Nitro won the following week by a .7 margin, but it would be their last victory for a while. Beginning April 27, Raw assembled an undefeated run that lasted until July 6, when WCW had Goldberg defeat Hollywood Hogan for the World title in front of 40,000 fans in the challenger's native Atlanta.

Raw won the four weeks that followed, before Nitro won three head-to-head contests in August, powered through mainstream attention brought by talk show host Jay Leno, and the anticipated, yet ultimately confounding, debut of The Warrior.

Following two weeks of preemptions due to tennis coverage on USA Network, Raw began rebuilding its momentum in the autumn, and the battles with Nitro were often close. On September 14, Nitro won 4.5 to 4.0, owed to Ric Flair's emotional return to WCW. Raw edged Nitro the following week 4.0 to 3.9, while Nitro regained control on September 28, winning 4.6 to 4.0.

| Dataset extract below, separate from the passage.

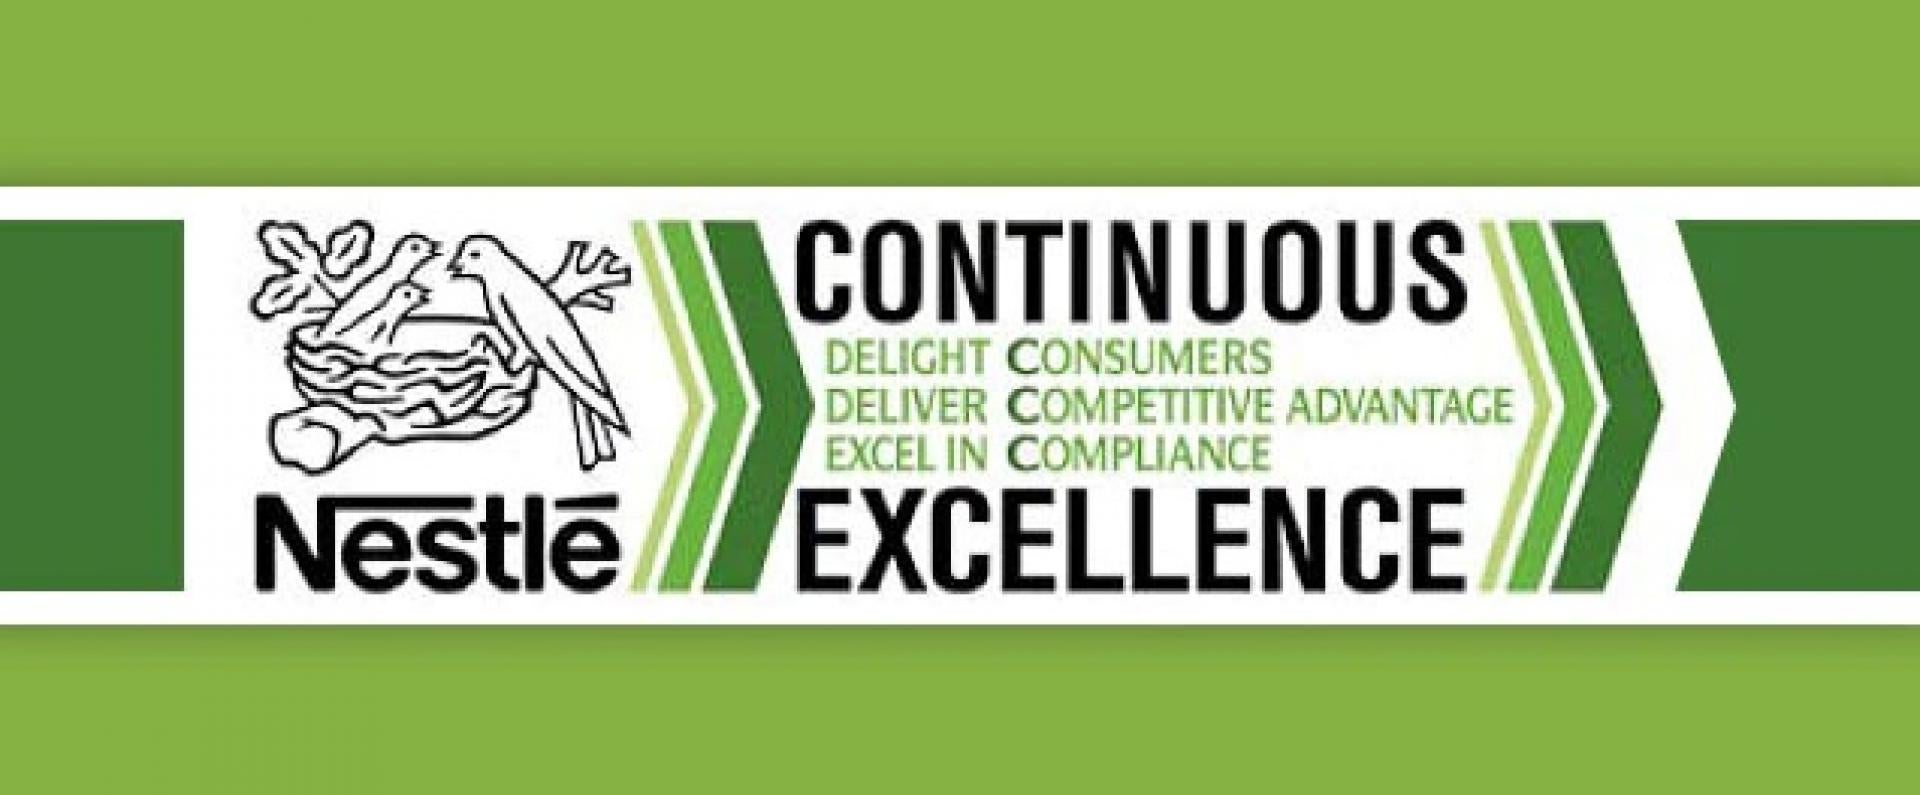 Nestlé Continuous Excellence banner

Raw began taking over again in October with some close victories, before Nitro won on October 26, 5.1 to 4.6. This might sound impressive, but it was actually a source of embarrassment for WCW.

Goldberg halloween havoc 1998

The night before at Halloween Havoc, the show ran long, and many customers saw their feeds cut just as the world title match between Goldberg and Diamond Dallas Page was kicking off. Irate viewers demanded refunds, while WCW compromised by airing the main event match in full on Nitro the next night.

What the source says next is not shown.